Think back to Friendster for a moment… Remember Fakester? (I wrote about them here.) Friendster spent ridiculous amounts of time playing whack-a-mole, killing off “fake” accounts and pissing off some of the most influential of its userbase. The “Fakester genocide” prompted an amazing number of people to leave Friendster and head over to MySpace, most notably bands, all because they didn’t want to be configured by the company. The notion of Fakesters died down on MySpace, but the most central practice – the ability for groups (bands) to have recognizable representations – ended up being the most central feature of MySpace.

People don’t like to be configured. They don’t like to be forcibly told how they should use a service. They don’t want to be told to behave like the designers intended them to be. Heavy-handed policies don’t make for good behavior; they make for pissed off users.

This doesn’t mean that you can’t or shouldn’t design to encourage certain behaviors. Of course you should. The whole point of design is to help create an environment where people engage in the most fruitful and healthy way possible. But designing a system to encourage the growth of healthy social norms is fundamentally different than coming in and forcefully telling people how they must behave. No one likes being spanked, especially not a crowd of opinionated adults.

Ironically, most people who were adopting Google Plus early on were using their real names, out of habit, out of understanding how they thought the service should work. A few weren’t. Most of those who weren’t were using a recognizable pseudonym, not even trying to trick anyone. Going after them was just plain stupid. It was an act of force and people felt disempowered. And they got pissed. And at this point, it’s no longer about whether or not the “real names” policy was a good idea in the first place; it’s now an act of oppression. Google Plus would’ve been ten bazillion times better off had they subtly encouraged the policy without making a big deal out of it, had they chosen to only enforce it in the most egregious situations. But now they’re stuck between a rock and a hard place. They either have to stick with their policy and deal with the angry mob or let go of their policy as a peace offering in the hopes that the anger will calm down. It didn’t have to be this way though and it wouldn’t have been had they thought more about encouraging the practices they wanted through design rather than through force.

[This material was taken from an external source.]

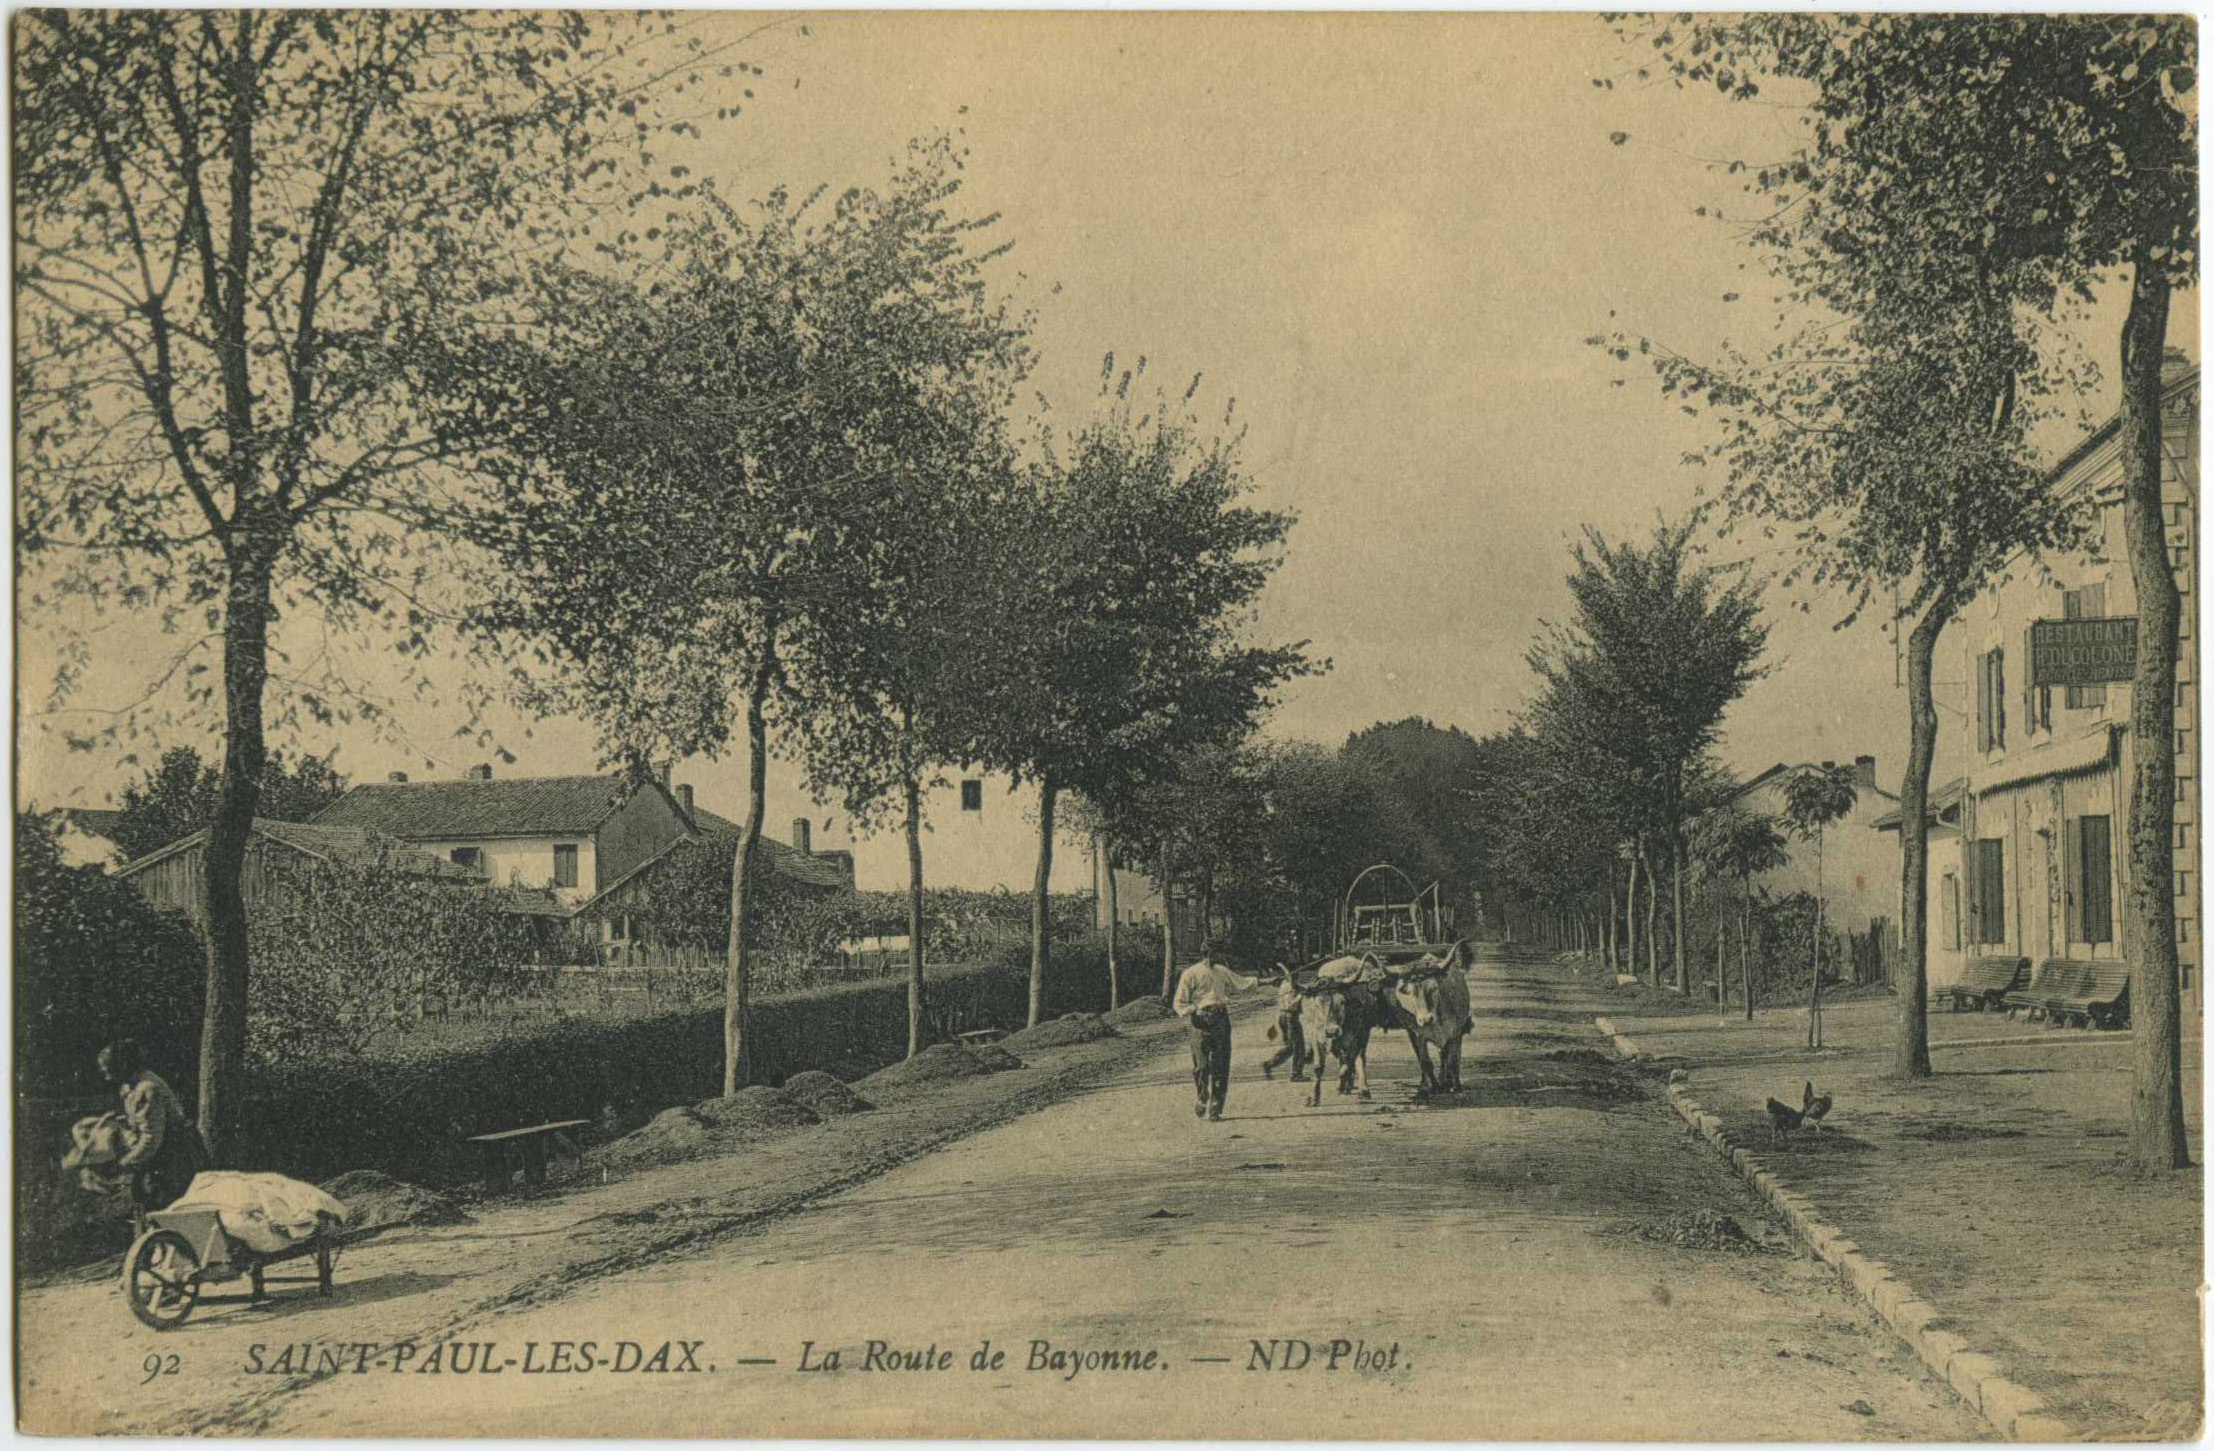 Saint-Paul-lès-Dax - La Route de Bayonne

Of course there’s a legitimate reason to want to encourage civil behavior online. And of course trolls wreak serious havoc on a social media system. But a “real names” policy doesn’t stop an unrepentant troll; it’s just another hurdle that the troll will love mounting. In my work with teens, I see textual abuse (“bullying”) every day among people who know exactly who each other is on Facebook. The identities of many trolls are known. But that doesn’t solve the problem. What matters is how the social situation is configured, the norms about what’s appropriate, and the mechanisms by which people can regulate them (through social shaming and/or technical intervention). A culture where people can build reputation through their online presence (whether “real” names or pseudonyms) goes a long way in combating trolls (although it is by no means a fullproof solution). But you don’t get that culture by force; you get it by encouraging the creation of healthy social norms.

Companies that build systems that people use have power. But they have to be very very very careful about how they assert that power. It’s really easy to come in and try to configure the user through force. It’s a lot harder to work diligently to design and build the ecosystem in which healthy norms emerge. Yet, the latter is of critical importance to the creation of a healthy community. Cuz you can’t get to a healthy community through force.